A unit is said to saturate when its pre-activation \(x\) has large magnitude, placing the output near one of the asymptotes. In that regime the curve is nearly flat, so the local derivative is close to zero. For the sigmoid, once \(|x|\) exceeds roughly \(5\) the derivative has fallen below \(0.007\); for tanh the collapse is even sharper because of the factor of two inside the equivalent logistic form. A saturated unit still produces a sensible forward output, but it has almost stopped responding to changes in its input, and it transmits almost no gradient backward. The decay is exponential: for large \(x\), \(\sigma'(x) \approx e^{-x}\) and \(1 - \tanh^{2}(x) \approx 4 e^{-2x}\), so the backward signal through a saturated unit dies off with the magnitude of the pre-activation.

185.3.2 3.2 Propagation Through Depth

The damage compounds with depth. Backpropagation forms the gradient of the loss with respect to an early parameter as a product of per-layer Jacobians. Schematically, for a chain of \(L\) layers the gradient magnitude scales like

\[ \left\|\frac{\partial \mathcal{L}}{\partial x^{(1)}}\right\| \;\sim\; \prod_{\ell=1}^{L} \bigl\|\,\mathrm{diag}\bigl(f'(x^{(\ell)})\bigr)\,W^{(\ell)}\,\bigr\|. \]

If each factor contributes a per-layer derivative bounded by \(\tfrac{1}{4}\) (sigmoid) and the weight norms do not compensate, the product shrinks geometrically. After ten sigmoid layers the upper bound on the surviving gradient is on the order of \(4^{-10} \approx 10^{-6}\). Early layers therefore receive a vanishingly small learning signal and update extremely slowly, while later layers train normally. This is the vanishing gradient problem, identified in Hochreiter’s 1991 thesis and analyzed in detail by Bengio, Simard, and Frasconi in 1994. It is the single most important reason deep stacks of sigmoid or tanh units were historically so hard to train.

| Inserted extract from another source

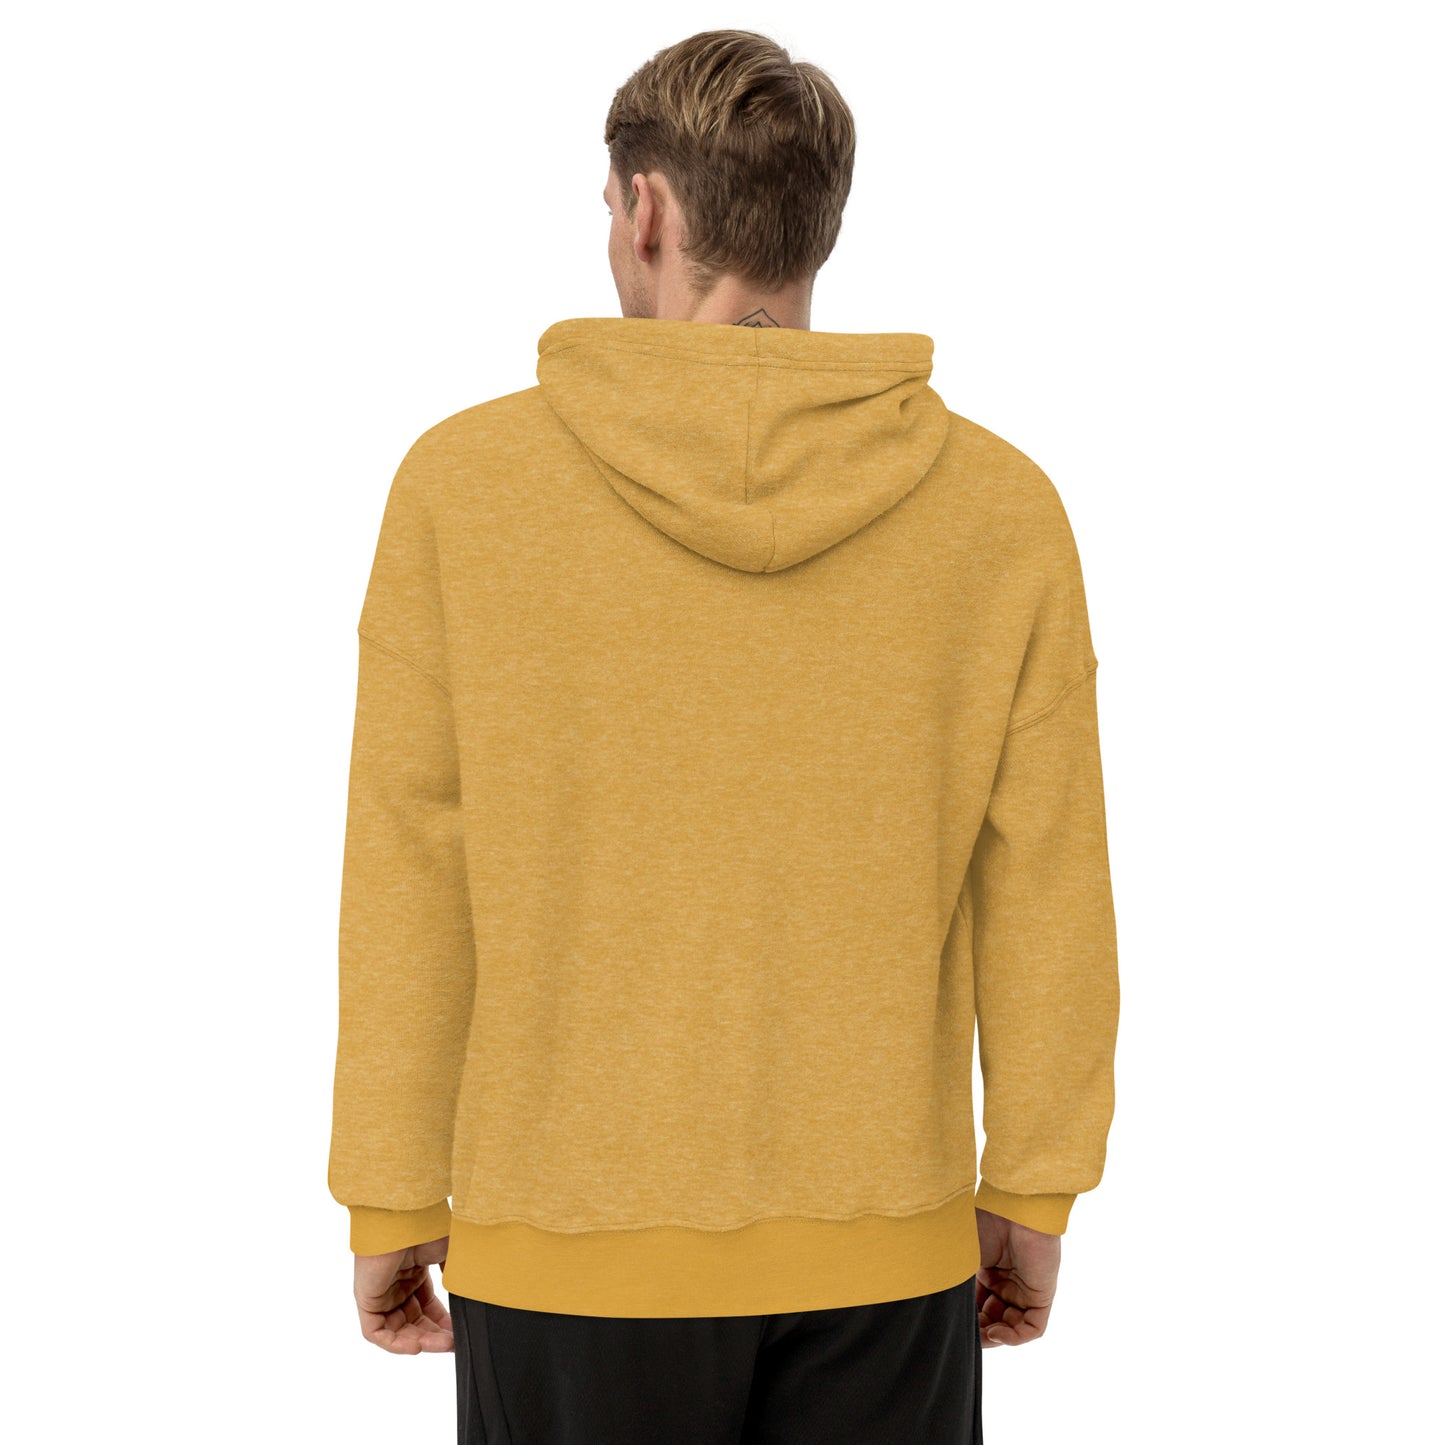 BTH Unisex sueded fleece hoodie
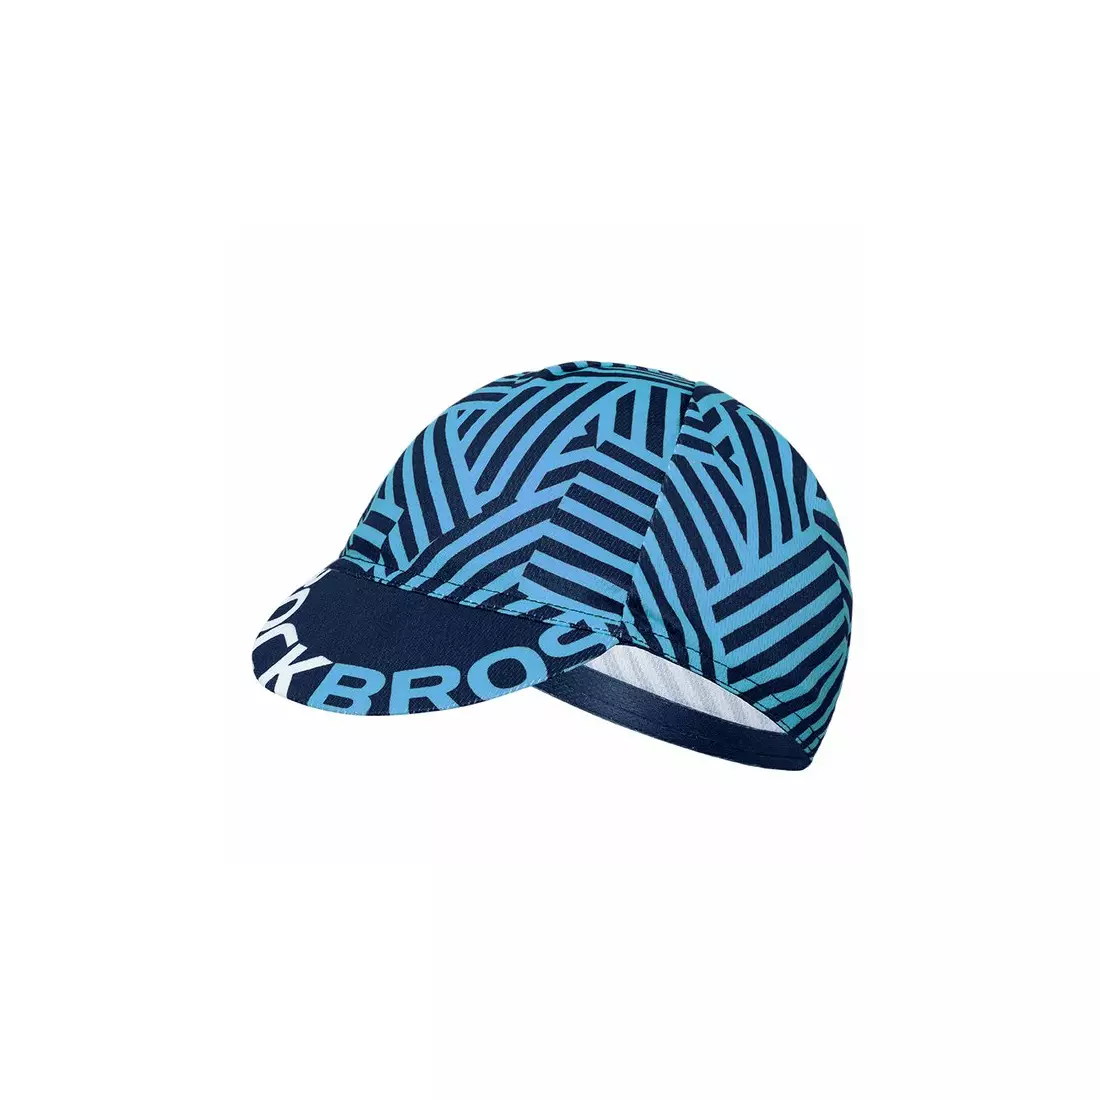 Rockbros cycling cap, blue MZ10018

The flow of signal forward and the decay of gradient backward can be pictured as two passes over the same stack.

flowchart LR
  X["input x"] --> A1["sigmoid layer 1"]
  A1 --> A2["sigmoid layer 2"]
  A2 --> A3["sigmoid layer L"]
  A3 --> Y["output"]
  Y -. "grad scaled by sigma prime" .-> A3
  A3 -. "grad x 1/4 or less" .-> A2
  A2 -. "grad x 1/4 or less" .-> A1
  A1 -. "tiny grad reaches input" .-> X

The solid arrows are the forward activations, which stay well defined at every depth. The dashed arrows are the backward gradients, each multiplied by a per-layer factor no larger than \(\tfrac14\), so the signal reaching the first layer is exponentially attenuated in \(L\).

185.3.3 3.3 Why Initialization and Range Matter

Saturation is not inevitable; it depends on the distribution of pre-activations. If weights are initialized so that the variance of \(x\) stays near unity, most units operate in the high-slope region near the origin. The Glorot and Bengio initialization of 2010 was derived precisely to keep activation and gradient variances stable across layers for tanh networks, and it substantially mitigated the symptom. Concretely, for a layer with \(n_{\text{in}}\) inputs and \(n_{\text{out}}\) outputs, the Glorot scheme draws weights with variance \(2/(n_{\text{in}} + n_{\text{out}})\), the compromise that approximately preserves both the forward activation variance and the backward gradient variance. Saturating nonlinearities thus place a real burden on careful initialization and on input normalization in a way that the non-saturating rectified family does not.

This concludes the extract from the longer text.